Ela disse que sua mãe se ajoelhou na frente a ela em um ponto, em desespero, chorando e implorando Naghmeh para lhe dizer como ela poderia ser de ajuda. Mas ela explicou que Deus era o único que "pode chegar nas profundezas da minha alma e me corrigir."

"A paz de Deus que excede todo o entendimento cobriu todo o meu ser, e eu estava livre de todo o medo. Já não temia a morte de entes queridos. Já não temia a perda de finanças ou saúde. Já não temia o futuro. Eu fiquei verdadeiramente livre em Jesus", disse Naghmeh.

Antes da prisão de Saeed, ele estava trabalhando com o plantio de igrejas domésticas no Irã até que as autoridades lhe disseram para cessar todo o envolvimento com elas em 2009. Em janeiro de 2013, um tribunal o declarou culpado de atentar contra a segurança nacional, pela suposta atividade com igrejas domésticas.
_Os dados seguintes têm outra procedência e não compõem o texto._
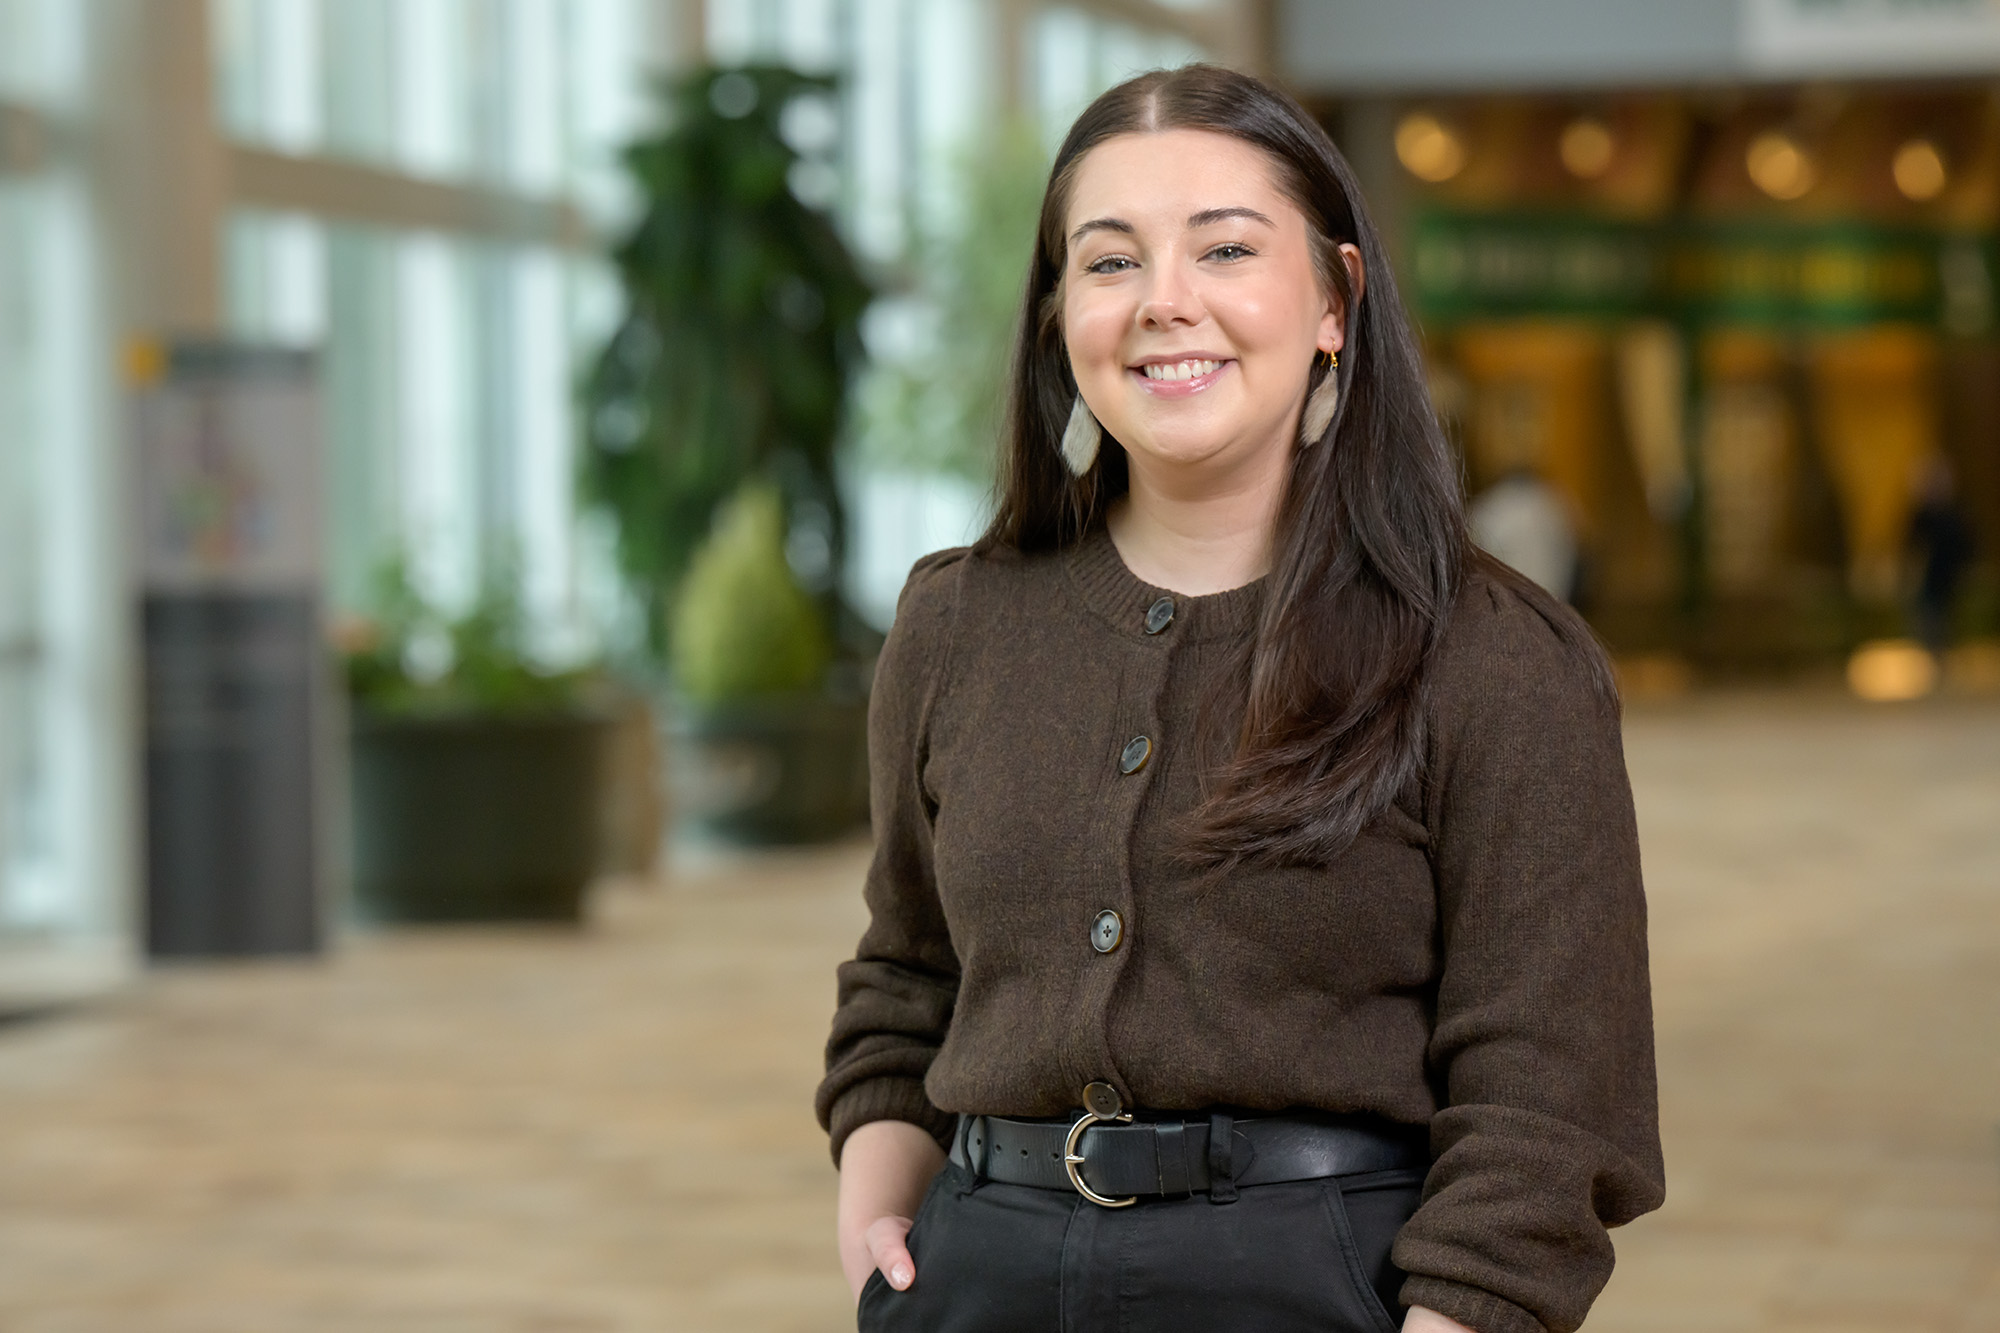 Emily Winters’ research is focused on cannabis in long-term care homes. (Photo by Trevor Hopkin)

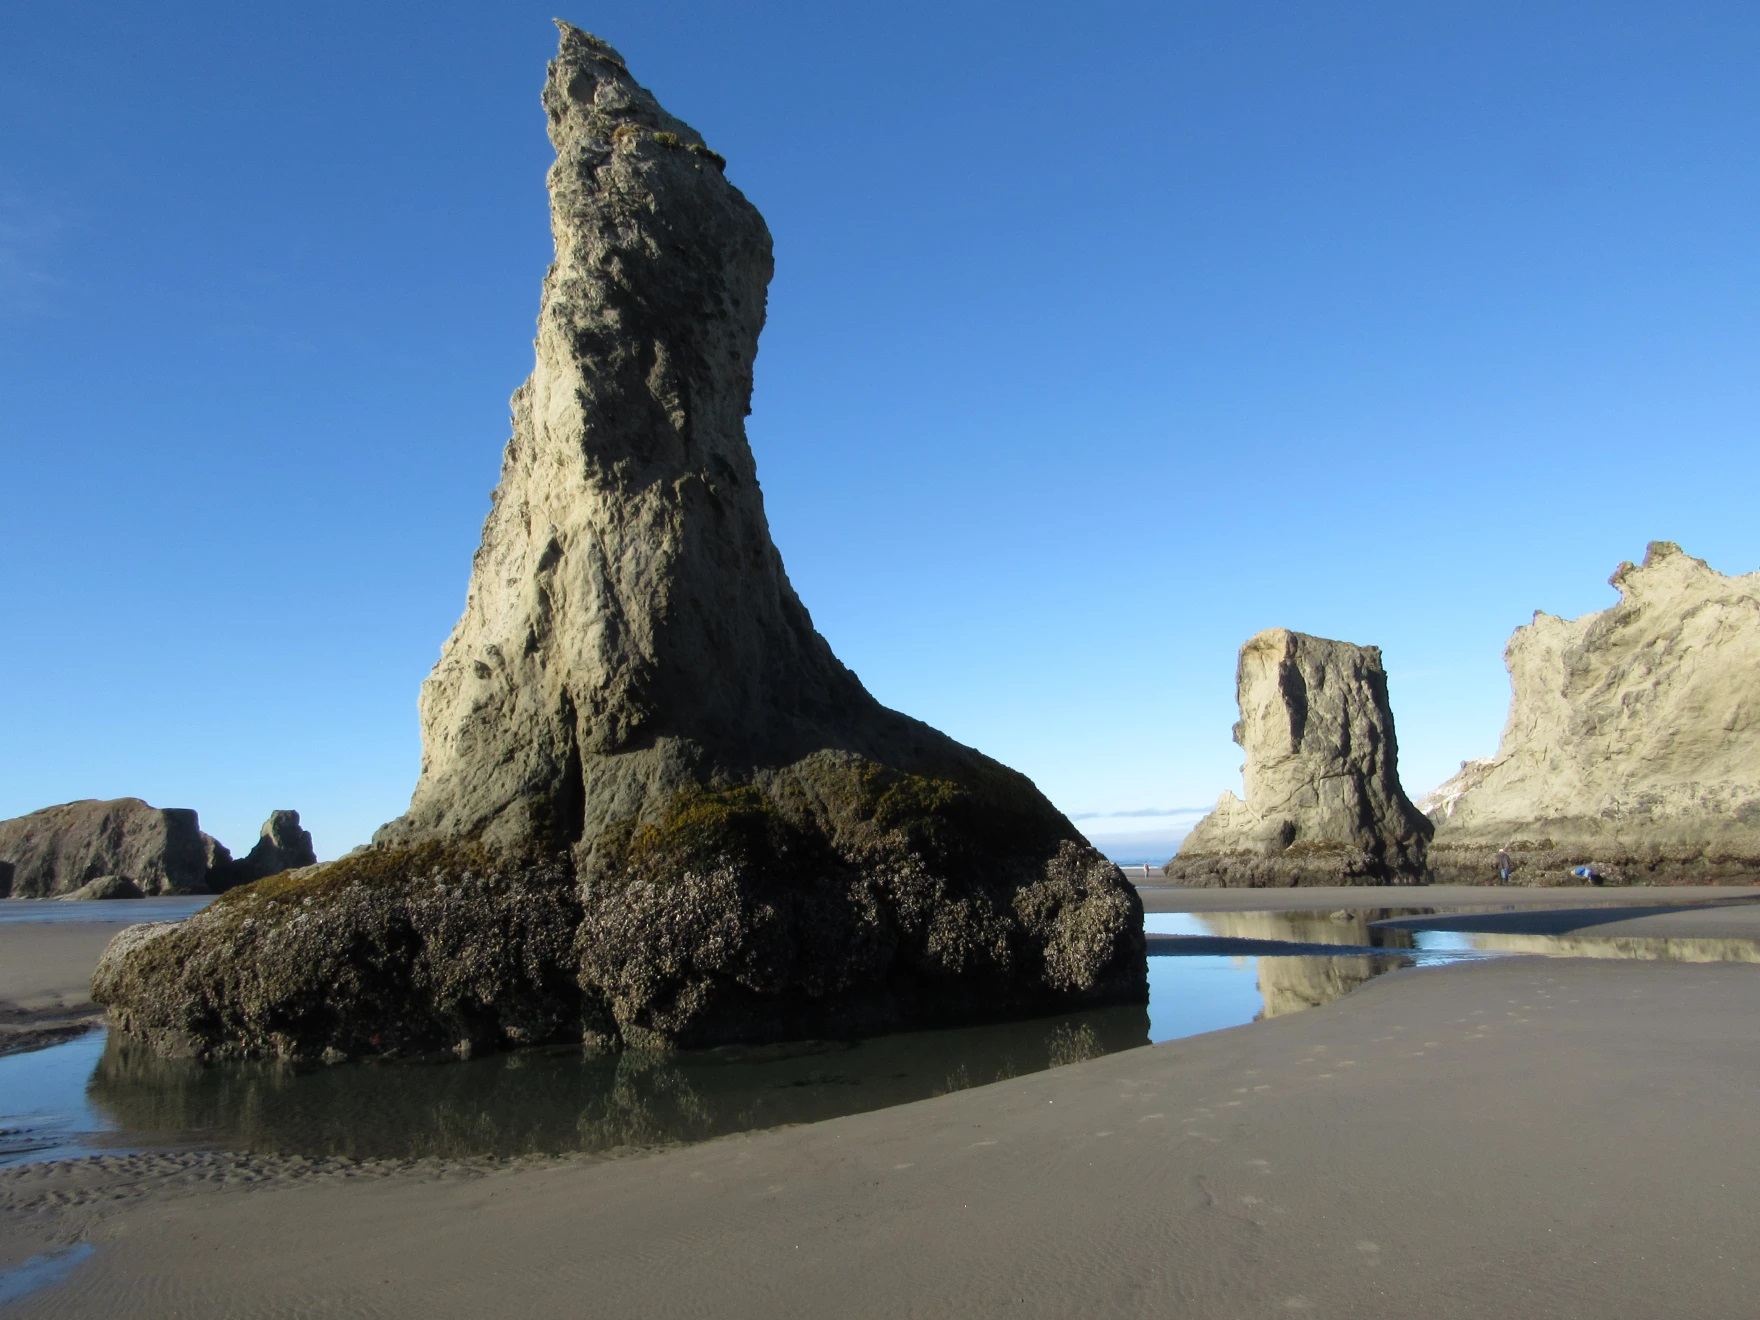 Giant rocks make homes for black oystercatcher nests on the shore in Bandon, Ore., on the southern Oregon Coast.

No início deste mês, o Centro Americano para Lei e Justiça, que representa Naghmeh e seus filhos, disse que sua vida estava em perigo, porque militantes do ISIS dentro da prisão haviam ameaçado matá-lo.

Embora os jihadistas do ISIS estivessem mantidos em uma seção separada da mesma ala prisional, o ACLJ relata que eles conseguiram fazer o seu caminho para a seção prisão de Saeed no caminho de volta de seu período de exercício de uma hora ao ar livre, em várias ocasiões.

Além de militantes do ISIS, os terroristas da Al-Qaeda presos lá também ameaçaram acabar com a vida de Saeed.